** Instructions to follow **
From the data below, retype exactly the lines starting with the one that contains "1861 25C PR64" and ending with the one that contains "Calvin Klein Slim", both included.

[Data records — start]

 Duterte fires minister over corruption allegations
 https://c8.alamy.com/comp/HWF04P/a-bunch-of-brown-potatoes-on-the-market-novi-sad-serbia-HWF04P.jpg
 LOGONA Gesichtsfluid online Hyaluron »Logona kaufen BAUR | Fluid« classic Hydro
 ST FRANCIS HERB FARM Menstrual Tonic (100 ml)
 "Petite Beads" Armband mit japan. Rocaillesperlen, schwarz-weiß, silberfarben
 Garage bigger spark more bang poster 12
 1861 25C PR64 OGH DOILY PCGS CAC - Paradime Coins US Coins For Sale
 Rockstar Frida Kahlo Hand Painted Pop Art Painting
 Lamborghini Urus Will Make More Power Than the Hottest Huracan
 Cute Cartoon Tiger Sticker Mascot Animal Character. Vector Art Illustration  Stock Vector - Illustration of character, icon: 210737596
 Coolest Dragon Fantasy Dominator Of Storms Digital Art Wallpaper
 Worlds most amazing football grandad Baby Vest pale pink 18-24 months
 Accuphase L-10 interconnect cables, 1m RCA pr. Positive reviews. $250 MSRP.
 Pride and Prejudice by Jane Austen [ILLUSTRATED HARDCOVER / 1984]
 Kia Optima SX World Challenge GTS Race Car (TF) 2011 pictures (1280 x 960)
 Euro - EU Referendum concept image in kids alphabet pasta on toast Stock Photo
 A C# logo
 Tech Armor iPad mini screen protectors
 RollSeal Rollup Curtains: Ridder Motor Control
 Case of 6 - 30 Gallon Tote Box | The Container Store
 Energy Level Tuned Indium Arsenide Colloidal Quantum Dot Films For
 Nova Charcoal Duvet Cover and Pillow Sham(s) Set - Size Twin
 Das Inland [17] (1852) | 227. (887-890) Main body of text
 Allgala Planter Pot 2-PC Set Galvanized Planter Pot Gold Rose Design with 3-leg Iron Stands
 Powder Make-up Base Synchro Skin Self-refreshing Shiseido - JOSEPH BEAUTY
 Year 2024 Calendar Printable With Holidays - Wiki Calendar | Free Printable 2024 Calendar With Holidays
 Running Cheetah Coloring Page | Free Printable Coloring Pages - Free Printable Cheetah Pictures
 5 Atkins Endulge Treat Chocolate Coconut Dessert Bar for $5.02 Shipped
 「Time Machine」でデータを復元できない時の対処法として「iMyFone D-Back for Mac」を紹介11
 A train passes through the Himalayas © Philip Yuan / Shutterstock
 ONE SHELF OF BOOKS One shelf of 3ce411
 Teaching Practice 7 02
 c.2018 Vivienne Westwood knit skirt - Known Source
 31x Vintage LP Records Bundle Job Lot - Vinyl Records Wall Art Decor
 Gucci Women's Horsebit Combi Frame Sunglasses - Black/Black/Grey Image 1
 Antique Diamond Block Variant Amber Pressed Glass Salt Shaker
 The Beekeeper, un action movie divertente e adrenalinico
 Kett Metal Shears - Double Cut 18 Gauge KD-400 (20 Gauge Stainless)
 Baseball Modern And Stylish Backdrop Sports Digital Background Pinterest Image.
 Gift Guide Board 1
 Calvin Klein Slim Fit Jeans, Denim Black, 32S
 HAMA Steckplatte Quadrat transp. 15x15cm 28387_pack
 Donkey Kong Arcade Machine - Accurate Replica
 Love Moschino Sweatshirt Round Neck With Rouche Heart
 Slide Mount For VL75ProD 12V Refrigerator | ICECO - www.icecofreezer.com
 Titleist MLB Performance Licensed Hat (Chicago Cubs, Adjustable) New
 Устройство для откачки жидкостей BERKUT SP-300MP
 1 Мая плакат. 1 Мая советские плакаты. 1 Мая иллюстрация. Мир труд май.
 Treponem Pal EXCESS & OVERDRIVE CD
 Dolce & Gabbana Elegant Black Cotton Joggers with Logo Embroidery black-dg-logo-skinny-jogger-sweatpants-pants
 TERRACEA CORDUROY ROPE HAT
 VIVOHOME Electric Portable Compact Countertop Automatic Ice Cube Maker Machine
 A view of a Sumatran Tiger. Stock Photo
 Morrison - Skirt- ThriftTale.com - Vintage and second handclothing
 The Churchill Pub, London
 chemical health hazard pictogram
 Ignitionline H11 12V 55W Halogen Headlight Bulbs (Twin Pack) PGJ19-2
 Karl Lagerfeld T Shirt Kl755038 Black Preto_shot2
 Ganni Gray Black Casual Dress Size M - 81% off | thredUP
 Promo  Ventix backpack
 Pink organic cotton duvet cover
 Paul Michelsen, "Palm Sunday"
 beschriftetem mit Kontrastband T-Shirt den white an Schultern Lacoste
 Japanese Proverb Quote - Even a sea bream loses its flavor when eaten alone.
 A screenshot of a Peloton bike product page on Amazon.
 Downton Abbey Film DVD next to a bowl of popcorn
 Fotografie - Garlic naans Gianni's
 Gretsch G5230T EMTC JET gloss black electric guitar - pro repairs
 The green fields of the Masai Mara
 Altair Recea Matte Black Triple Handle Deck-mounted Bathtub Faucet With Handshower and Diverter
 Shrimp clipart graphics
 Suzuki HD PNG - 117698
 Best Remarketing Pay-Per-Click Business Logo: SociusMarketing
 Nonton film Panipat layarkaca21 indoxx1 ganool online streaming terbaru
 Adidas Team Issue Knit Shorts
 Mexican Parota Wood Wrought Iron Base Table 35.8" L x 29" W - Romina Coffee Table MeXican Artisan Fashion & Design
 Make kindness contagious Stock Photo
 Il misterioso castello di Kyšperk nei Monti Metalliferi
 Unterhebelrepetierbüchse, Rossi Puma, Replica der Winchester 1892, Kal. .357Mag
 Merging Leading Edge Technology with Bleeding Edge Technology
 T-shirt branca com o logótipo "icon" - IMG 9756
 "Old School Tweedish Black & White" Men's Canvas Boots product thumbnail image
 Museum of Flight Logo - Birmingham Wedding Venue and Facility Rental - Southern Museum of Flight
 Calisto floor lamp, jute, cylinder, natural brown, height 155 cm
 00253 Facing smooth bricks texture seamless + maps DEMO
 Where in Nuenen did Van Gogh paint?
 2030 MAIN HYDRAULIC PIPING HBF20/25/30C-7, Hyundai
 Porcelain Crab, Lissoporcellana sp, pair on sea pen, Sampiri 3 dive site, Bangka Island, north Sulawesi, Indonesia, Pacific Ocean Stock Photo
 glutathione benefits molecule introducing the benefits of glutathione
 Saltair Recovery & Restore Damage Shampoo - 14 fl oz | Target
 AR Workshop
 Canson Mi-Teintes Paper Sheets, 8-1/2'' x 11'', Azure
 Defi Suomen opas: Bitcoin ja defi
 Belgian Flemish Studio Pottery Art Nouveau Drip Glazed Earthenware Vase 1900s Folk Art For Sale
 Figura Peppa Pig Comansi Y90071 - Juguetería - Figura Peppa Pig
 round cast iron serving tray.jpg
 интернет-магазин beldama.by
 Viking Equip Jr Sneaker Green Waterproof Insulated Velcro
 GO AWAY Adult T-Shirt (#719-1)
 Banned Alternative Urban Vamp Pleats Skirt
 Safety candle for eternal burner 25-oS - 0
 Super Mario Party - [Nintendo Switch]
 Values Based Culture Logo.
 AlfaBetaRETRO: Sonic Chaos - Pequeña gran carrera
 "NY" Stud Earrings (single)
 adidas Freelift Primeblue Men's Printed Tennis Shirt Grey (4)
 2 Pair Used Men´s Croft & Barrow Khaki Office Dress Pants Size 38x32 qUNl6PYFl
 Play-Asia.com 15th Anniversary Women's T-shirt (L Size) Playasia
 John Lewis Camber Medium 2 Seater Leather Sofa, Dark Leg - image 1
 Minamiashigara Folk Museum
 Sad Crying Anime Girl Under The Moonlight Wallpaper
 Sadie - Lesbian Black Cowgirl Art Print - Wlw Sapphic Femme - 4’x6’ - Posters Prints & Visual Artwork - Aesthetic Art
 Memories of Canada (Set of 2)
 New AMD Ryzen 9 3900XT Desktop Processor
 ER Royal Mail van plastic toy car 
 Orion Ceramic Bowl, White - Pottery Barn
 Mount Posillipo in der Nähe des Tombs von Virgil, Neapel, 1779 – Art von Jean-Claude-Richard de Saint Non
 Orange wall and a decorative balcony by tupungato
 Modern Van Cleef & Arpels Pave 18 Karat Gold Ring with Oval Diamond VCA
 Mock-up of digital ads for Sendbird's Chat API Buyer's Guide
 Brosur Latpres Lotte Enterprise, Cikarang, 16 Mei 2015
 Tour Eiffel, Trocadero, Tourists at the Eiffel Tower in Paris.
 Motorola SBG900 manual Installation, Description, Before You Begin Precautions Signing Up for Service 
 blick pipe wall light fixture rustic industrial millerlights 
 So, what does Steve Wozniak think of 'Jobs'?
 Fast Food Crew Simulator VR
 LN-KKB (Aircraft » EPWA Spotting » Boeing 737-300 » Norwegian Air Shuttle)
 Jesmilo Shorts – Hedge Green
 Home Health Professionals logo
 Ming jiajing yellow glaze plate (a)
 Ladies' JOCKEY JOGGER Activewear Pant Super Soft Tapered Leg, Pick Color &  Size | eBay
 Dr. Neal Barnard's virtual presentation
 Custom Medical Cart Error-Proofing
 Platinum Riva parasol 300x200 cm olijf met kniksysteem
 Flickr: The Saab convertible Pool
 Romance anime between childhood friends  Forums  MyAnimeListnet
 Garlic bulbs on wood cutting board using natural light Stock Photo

[Data records — finish]

** Written reply **
 1861 25C PR64 OGH DOILY PCGS CAC - Paradime Coins US Coins For Sale
 Rockstar Frida Kahlo Hand Painted Pop Art Painting
 Lamborghini Urus Will Make More Power Than the Hottest Huracan
 Cute Cartoon Tiger Sticker Mascot Animal Character. Vector Art Illustration  Stock Vector - Illustration of character, icon: 210737596
 Coolest Dragon Fantasy Dominator Of Storms Digital Art Wallpaper
 Worlds most amazing football grandad Baby Vest pale pink 18-24 months
 Accuphase L-10 interconnect cables, 1m RCA pr. Positive reviews. $250 MSRP.
 Pride and Prejudice by Jane Austen [ILLUSTRATED HARDCOVER / 1984]
 Kia Optima SX World Challenge GTS Race Car (TF) 2011 pictures (1280 x 960)
 Euro - EU Referendum concept image in kids alphabet pasta on toast Stock Photo
 A C# logo
 Tech Armor iPad mini screen protectors
 RollSeal Rollup Curtains: Ridder Motor Control
 Case of 6 - 30 Gallon Tote Box | The Container Store
 Energy Level Tuned Indium Arsenide Colloidal Quantum Dot Films For
 Nova Charcoal Duvet Cover and Pillow Sham(s) Set - Size Twin
 Das Inland [17] (1852) | 227. (887-890) Main body of text
 Allgala Planter Pot 2-PC Set Galvanized Planter Pot Gold Rose Design with 3-leg Iron Stands
 Powder Make-up Base Synchro Skin Self-refreshing Shiseido - JOSEPH BEAUTY
 Year 2024 Calendar Printable With Holidays - Wiki Calendar | Free Printable 2024 Calendar With Holidays
 Running Cheetah Coloring Page | Free Printable Coloring Pages - Free Printable Cheetah Pictures
 5 Atkins Endulge Treat Chocolate Coconut Dessert Bar for $5.02 Shipped
 「Time Machine」でデータを復元できない時の対処法として「iMyFone D-Back for Mac」を紹介11
 A train passes through the Himalayas © Philip Yuan / Shutterstock
 ONE SHELF OF BOOKS One shelf of 3ce411
 Teaching Practice 7 02
 c.2018 Vivienne Westwood knit skirt - Known Source
 31x Vintage LP Records Bundle Job Lot - Vinyl Records Wall Art Decor
 Gucci Women's Horsebit Combi Frame Sunglasses - Black/Black/Grey Image 1
 Antique Diamond Block Variant Amber Pressed Glass Salt Shaker
 The Beekeeper, un action movie divertente e adrenalinico
 Kett Metal Shears - Double Cut 18 Gauge KD-400 (20 Gauge Stainless)
 Baseball Modern And Stylish Backdrop Sports Digital Background Pinterest Image.
 Gift Guide Board 1
 Calvin Klein Slim Fit Jeans, Denim Black, 32S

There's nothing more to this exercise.